In Kentucky CATV Association, Inc. v. City of Florence, et al., No. 2015-SC-000178-DG (Ky. June 15, 2017), the Kentucky Supreme Court, affirming the Court of Appeals, held that the Multichannel Video Programming and Communications Services Tax (“Telecom Tax”) provision prohibiting any political subdivision of the state from collecting franchise fees or taxes on multichannel video programming (“MVP”) and communications services providers was unconstitutional as applied to Kentucky cities. The following summarizes the Court’s opinion.

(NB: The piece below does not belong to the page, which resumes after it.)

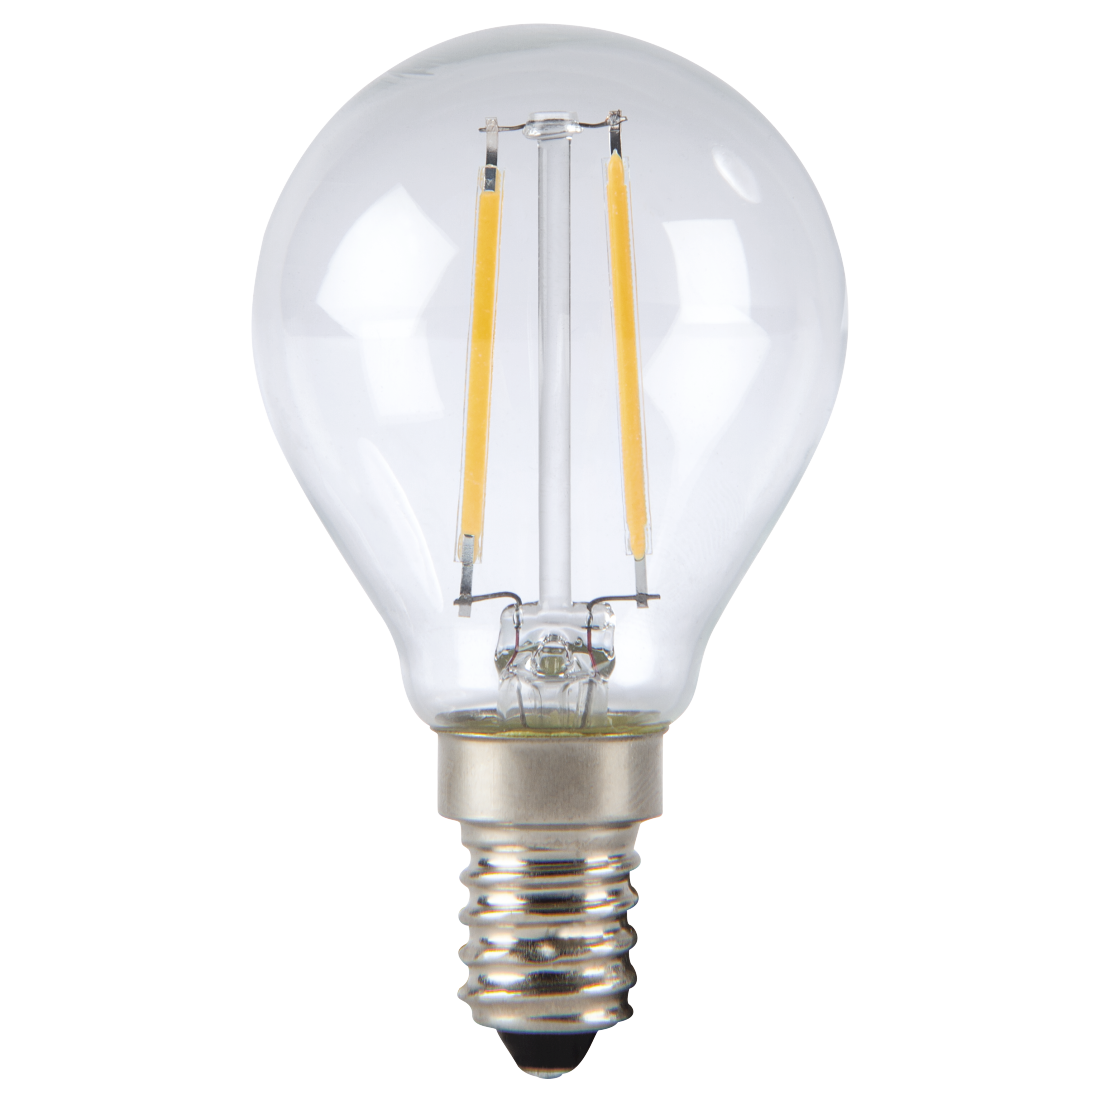 abx High-Res Image - Xavax, Ampoule filament à LED, E14, 250lm rempl. amp. sphérique 25W, blc chd

The Telecom Tax (KRS 136.600 et seq.) imposes a tax on the gross revenues of MVP and communications service providers, which provide cable, satellite broadcast, wireless cable, and internet protocol television, and is made up of a variety of taxes. All taxes collected are deposited into the General Fund. KRS 136.660(1)(a)-(c) prohibits cities from collecting any taxes on any franchises subject to the Telecom Tax.
Section 163 of the Kentucky Constitution provides that utilities cannot be permitted within a city or town without their legislative bodies’ consent. Section 164 of the Kentucky Constitution allows cities, counties, towns, and other municipalities to grant franchises. Municipalities traditionally collected franchise fees to compensate them for allowing utilities to use municipal rights-of-way. So, cable companies would obtain the municipality’s permission to use roads and other rights-of-way, and the municipality would grant it a permit that would be subject to franchise fees.
Though the Telecom Tax statutes prohibit municipalities from collecting such fees, the statutes also provided for a portion of the funds collected from the tax to be disbursed to municipalities to compensate them for their loss of revenue. The amount represented only 83% of the revenue the municipalities collected prior to the enactment of the Telecom Tax. A number of cities (“Cities”) filed for declaratory relief in circuit court in 2011, arguing that the Telecom Tax violated their right to grant franchises and collect franchise fees under Sections 163 and 164. The Finance and Administration Cabinet (“Cabinet”) and the Kentucky CATV Association (“CATV”) denied the allegations, and the circuit court agreed with them. The Cities appealed, and the Court of Appeals vacated the circuit court judgment and remanded. The Cabinet and CATV appealed to the Kentucky Supreme Court, arguing that Sections 163 and 164 did not specifically address the collection of franchise fees and that Section 181 allowed the legislature to withdraw any delegation of authority to collect such fees.
The Supreme Court held Sections 163 and 164 of the Kentucky Constitution were intended to grant municipalities the power to grant franchises and collect fees in exchange for that permission. The constitutional history of those sections revealed that the framers were concerned with protecting the public from city councils who would grant rights for their own personal benefit instead of collecting fees to compensate the public for the use of their rights and privileges. Likewise, they were intended to protect cities from a General Assembly who might give away their rights without compensating the cities. The Court ultimately held that the ability to collect the fee was a crucial part of being able to grant the franchise, which Section 163 and Section 164 plainly allow.
With regard to Section 181, the Court held that it did not apply to the franchise fee provided for in Section 163 and Section 164. Section 181 enumerates certain powers that may only be delegated to them by the General Assembly, including the power to collect a license fee on a franchise. The Court held that CATV had collapsed franchise fees and license fees into one entity, and that while the power to collect a license fee on a franchise was one that could only be delegated by the state legislature, the power to collect a franchise fee was explicitly guaranteed by Section 164 and thus delegation could not be withdrawn.
Finally, the Court held that the Telecom Tax as a whole was not unconstitutional, but instead, the provision prohibiting cities from collecting a franchise fee could be severed from the rest of the statutes. The Court held that the rest of the statutes pertaining to the Telecom Tax could be executed faithfully without the prohibition provision.
Though this case deals specifically with one provision of the Telecom Tax, it also appears to generally strengthen Section 163 and Section 164 of the Kentucky Constitution and can be read to allow municipalities to issue permits in exchange for a franchise fee. Affected service providers should note that municipalities may attempt to subject them to additional fees in the near future. These service providers should review the ordinances of localities in which they have (or may be required to have) a permit to access a right-of-way and proactively develop a go-forward strategy.
Questions remain though: What about the money that municipalities have already received from the state? What can or will the General Assembly do now?